Am wichtigsten ist, dass die überwiegende Mehrheit der Ascl1-Tomato-positiven Zellen, die in den mit riR-25 behandelten Wells gefunden wurden, eine neuronale Morphologie annahm. Zu den Merkmalen dieser neuronalen Morphologie gehörten eine reduzierte Zellsomagröße, die Entwicklung feiner Prozesse und die Bildung winziger Netzwerke. Die Quantifizierung ergab, dass etwa 70% aller Ascl1-Tomato-positiven Zellen neuronale Merkmale aufwiesen.
Die immunfluoreszierende Markierung zeigt, dass Ascl1-Tomato-positive Zellen mit neuronaler Morphologie die neuronalen Marker OTX2 und MAP2 exprimieren, was die neuronale Identität bestätigt. Die Quantifizierung dieser Zellen zeigte, dass nach miR-25-Überexpression etwa 40 Ascl1-Tomato-positive Neuronen pro Feld vorhanden sind, verglichen mit fünf neuronalen Zellen pro Feld in Kontrollen. Die identifizierten neuronalen Zellen machen etwa 70% der gesamten Ascl1-Tomato-positiven Zellpopulation der miR-25-behandelten Proben aus.

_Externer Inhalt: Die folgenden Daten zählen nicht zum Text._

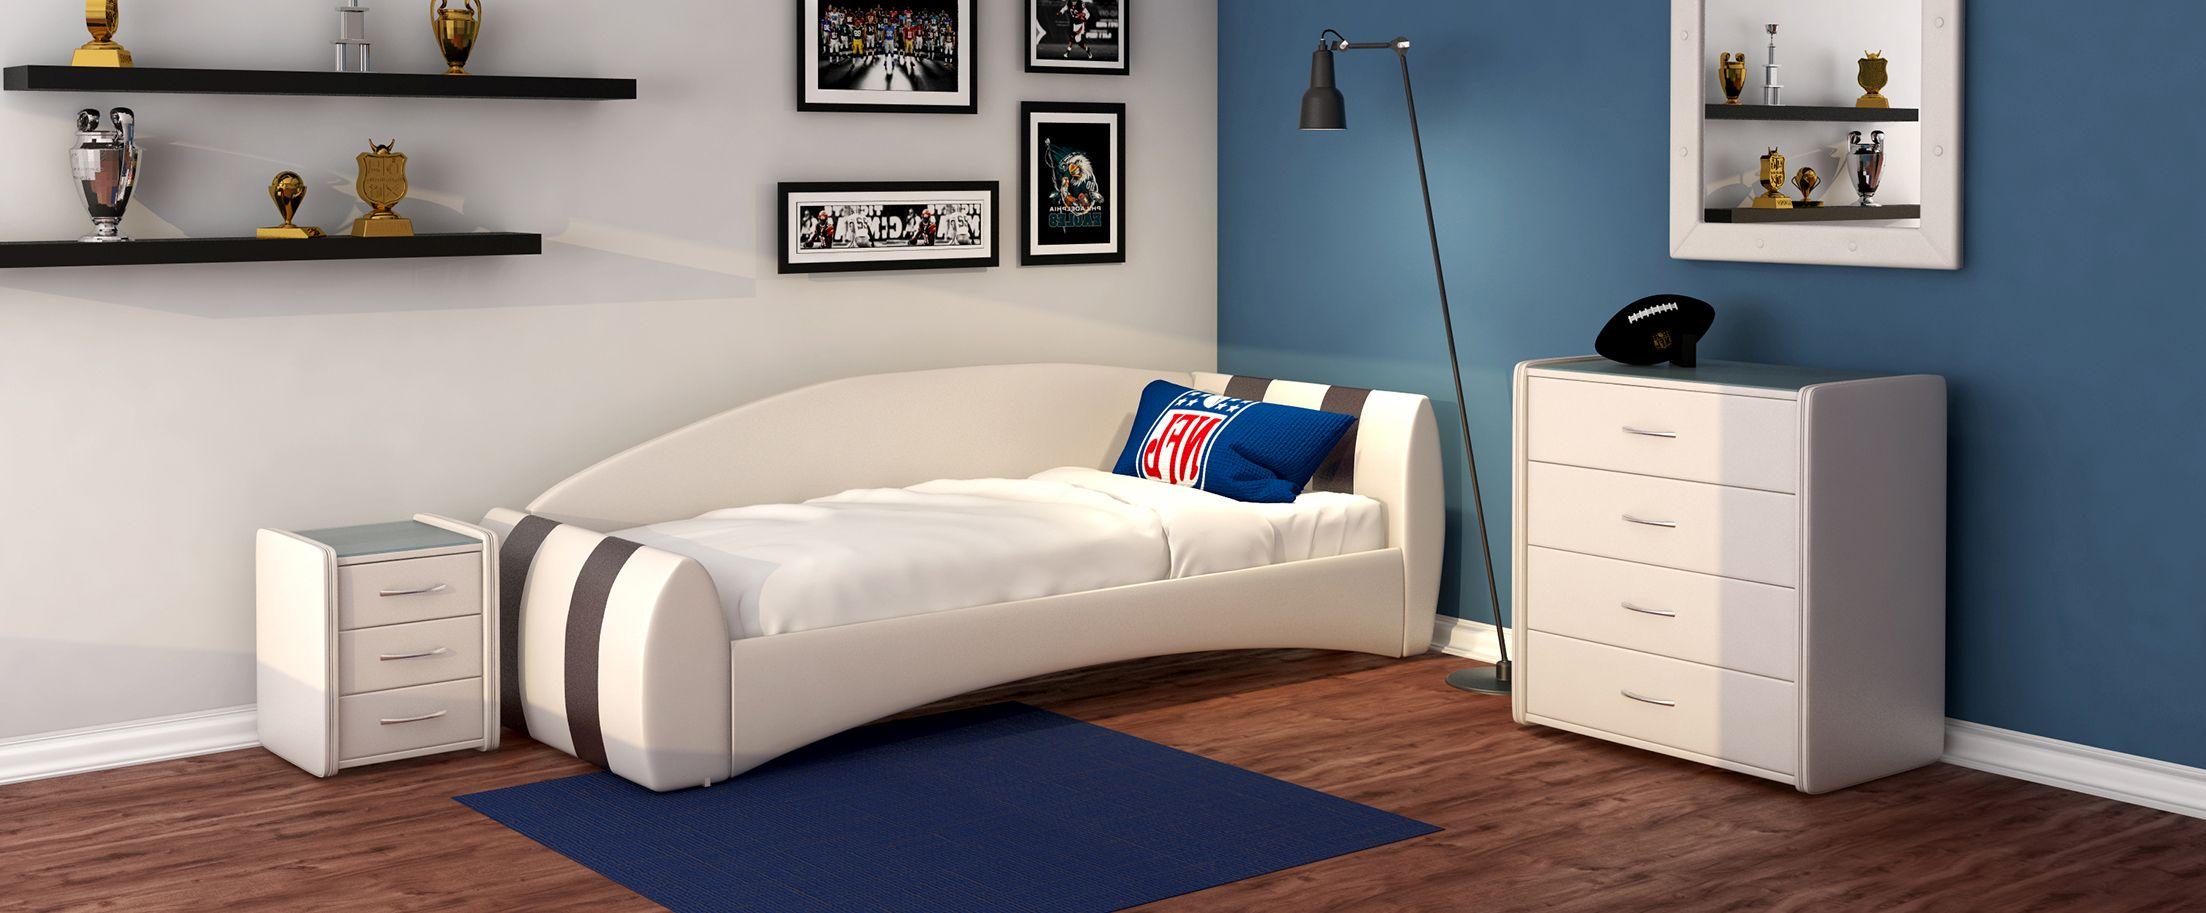 Кровать односпальная Кальвет (правая) Модель 386Односпальная модель с современным дизайном отлично впишется в интерьер подростковой комнаты. Расположение спинки возможно как левое, так и правое.<br><br>Ширина см: 99<br>Глубина см: 250<br>Высота см: 81<br>Ширина спального места см: 90<br>Глубина спального места см: 190<br>Встроенное основание: Есть<br>Материал каркаса: ДСП<br>Материал обивки: Экокожа<br>Подъемный механизм: Нет<br>Цвет: Коричневый, Белый<br>Код ткани: Пралине, Марципан

Darüber hinaus zeigte die Quantifizierung der absoluten Anzahl von OTX2- und MAP2-koexprimierenden Neuronen, dass nach miR-25-Behandlung etwa 60 Neuronen pro Feld gefunden wurden, verglichen mit 10 Neuronen pro Feld bei Kontrollen. Es ist unerlässlich, in einer sauberen und desinfizierten Umgebung mit sauberen und sterilen Werkzeugen zu arbeiten und sorgfältig zu arbeiten, indem jede harte Behandlung vermieden wird. Nachgelagerte Anwendungen können beispielsweise Proteinquantifizierung, DNA- oder RNA-Analyse oder elektrophysiologische Studien sein.
Diese Technik half uns, erste Fragen zur nuklearen Reprogrammierung zu erforschen, die zum Bereich der regenerativen Medizin gehört. Und es gibt eine Vielzahl von Faktoren und Bedingungen, die getestet werden können, um neue Fragen zu erforschen.